### Your objective
Nothing outside the range below should be printed. Output exactly the lines from the line with "31859 / LYON" to the line with "Brioni Micropattern Dark", both included.

### Extracted data
= = = = = = =

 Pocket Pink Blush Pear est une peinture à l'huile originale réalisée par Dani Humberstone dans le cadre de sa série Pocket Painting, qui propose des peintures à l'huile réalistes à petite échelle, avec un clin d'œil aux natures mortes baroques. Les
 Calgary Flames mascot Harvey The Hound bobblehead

= = = = = = =

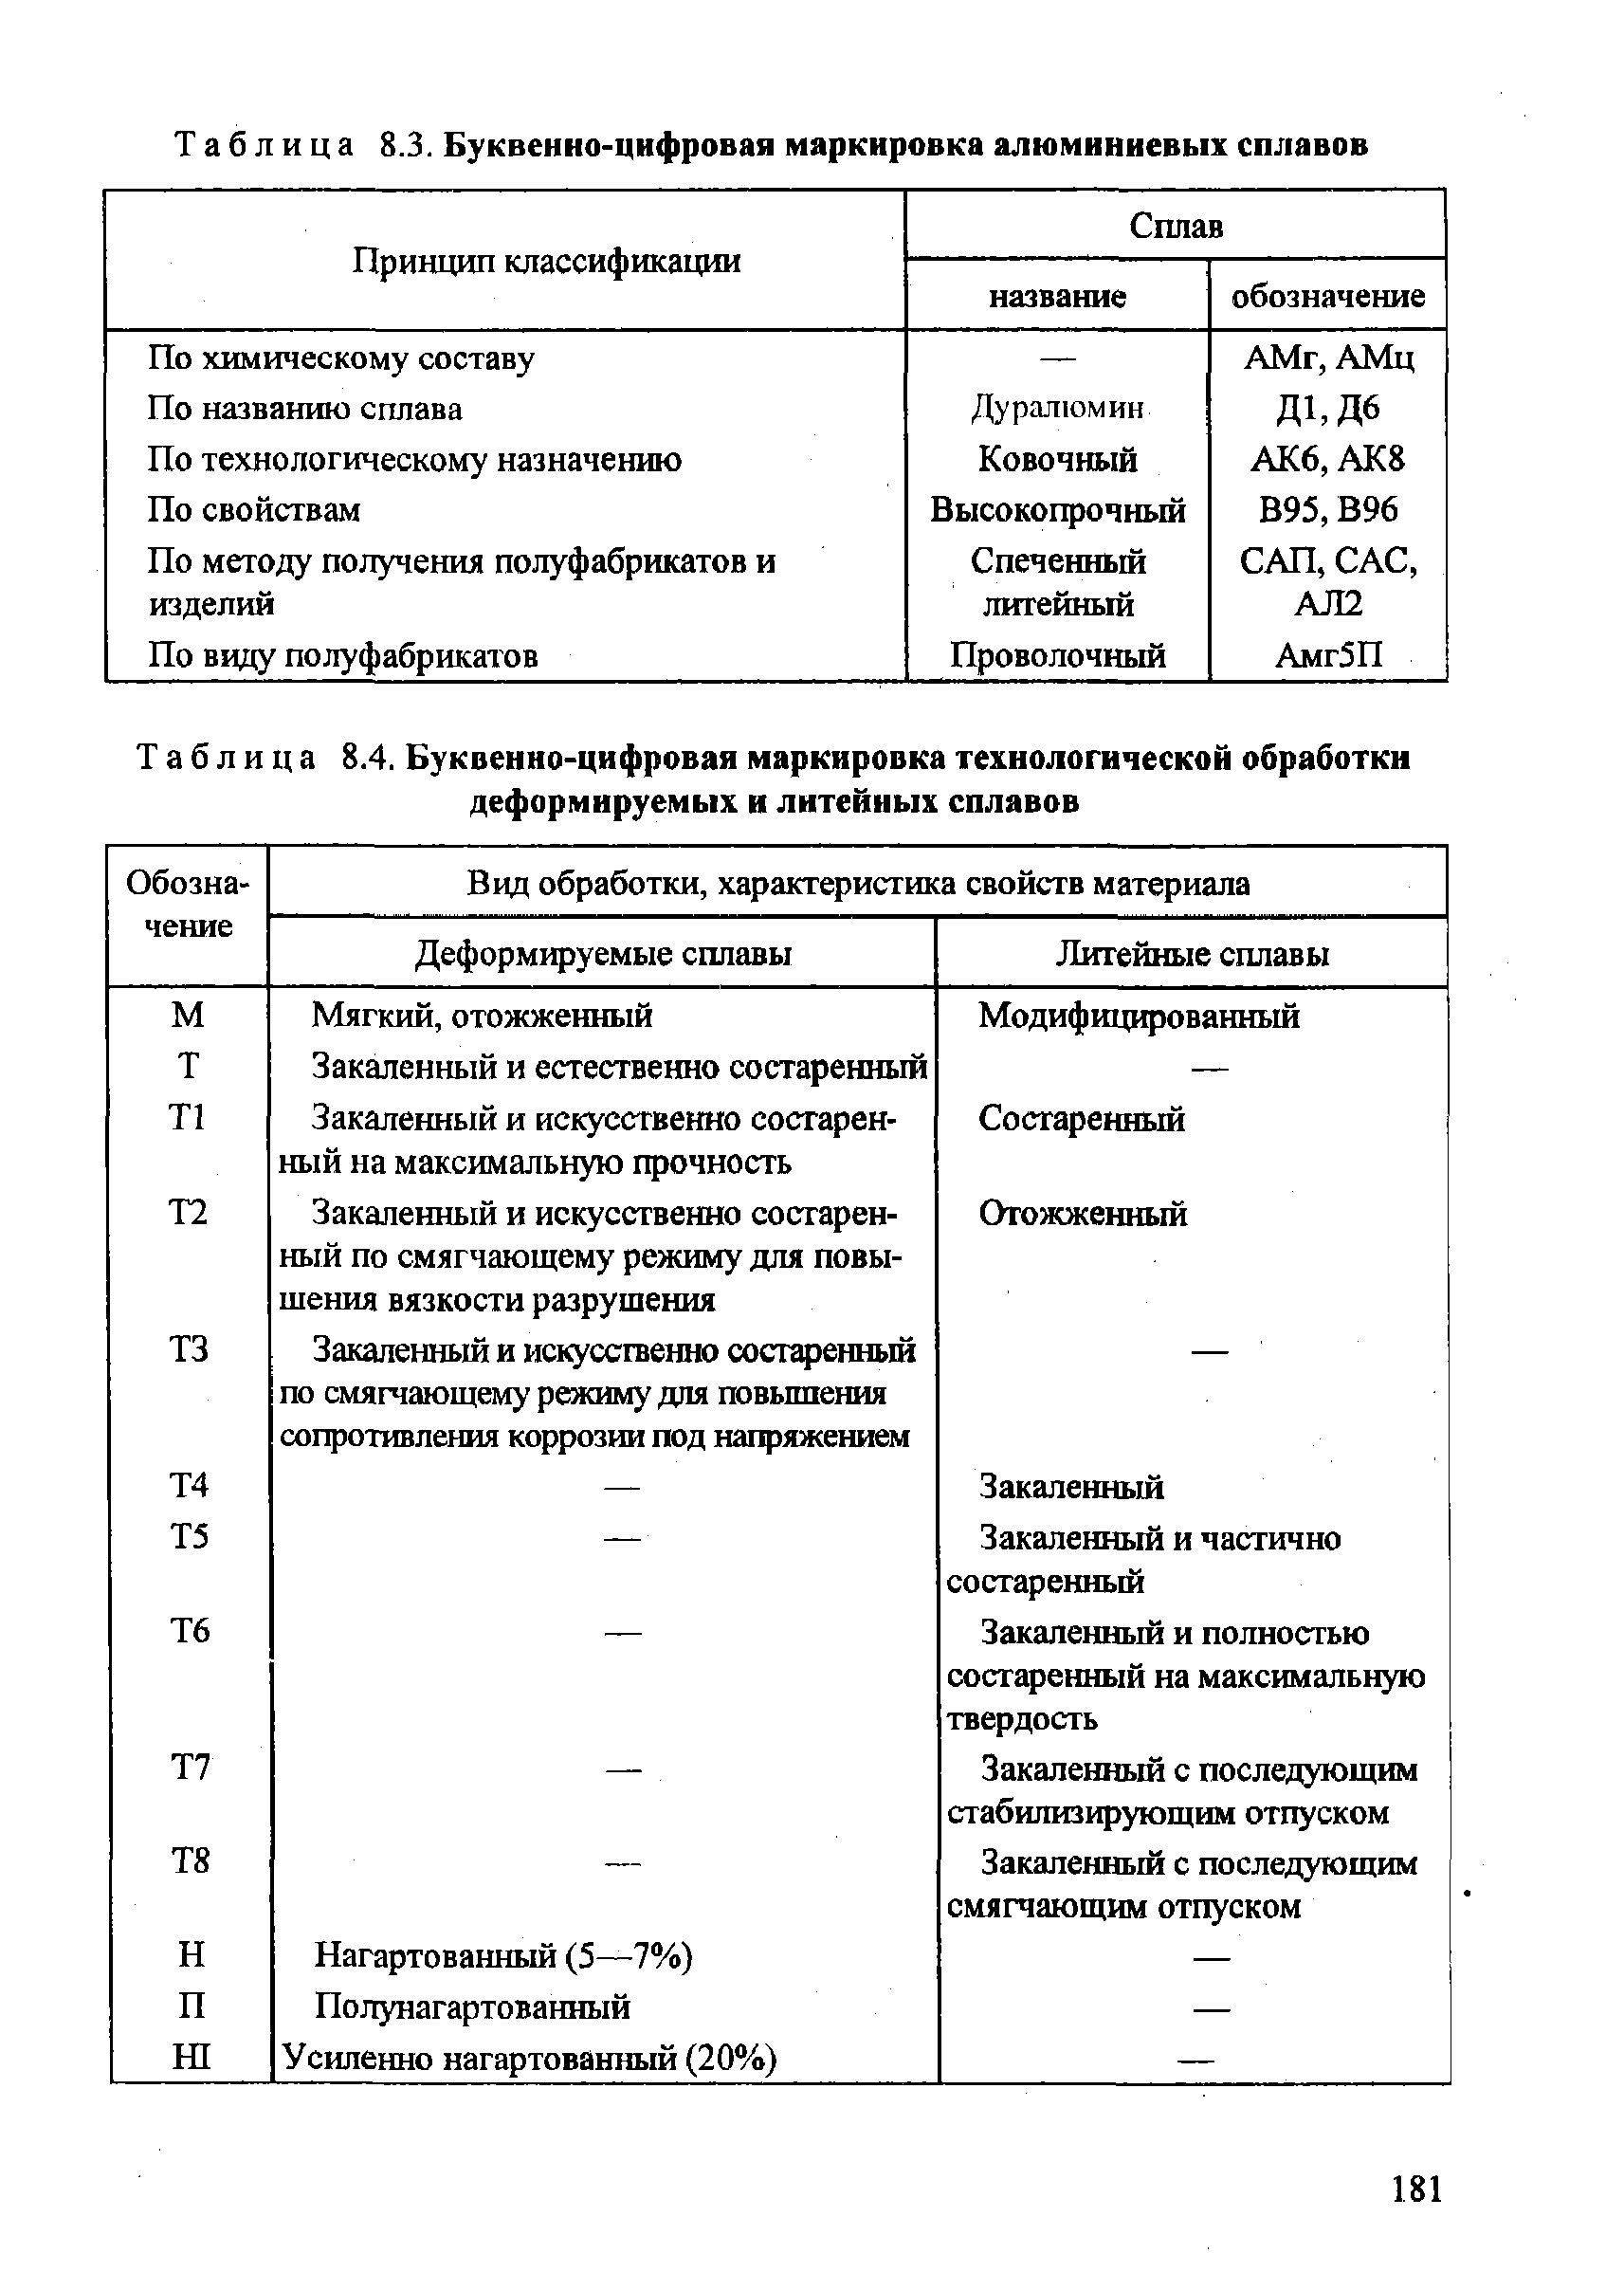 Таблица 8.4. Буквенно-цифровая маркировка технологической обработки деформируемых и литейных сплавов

= = = = = = =

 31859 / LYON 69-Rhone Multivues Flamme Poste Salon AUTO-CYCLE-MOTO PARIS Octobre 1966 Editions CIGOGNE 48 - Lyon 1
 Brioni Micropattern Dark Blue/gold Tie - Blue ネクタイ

= = = = = = =

### Reply to the task
 31859 / LYON 69-Rhone Multivues Flamme Poste Salon AUTO-CYCLE-MOTO PARIS Octobre 1966 Editions CIGOGNE 48 - Lyon 1
 Brioni Micropattern Dark Blue/gold Tie - Blue ネクタイ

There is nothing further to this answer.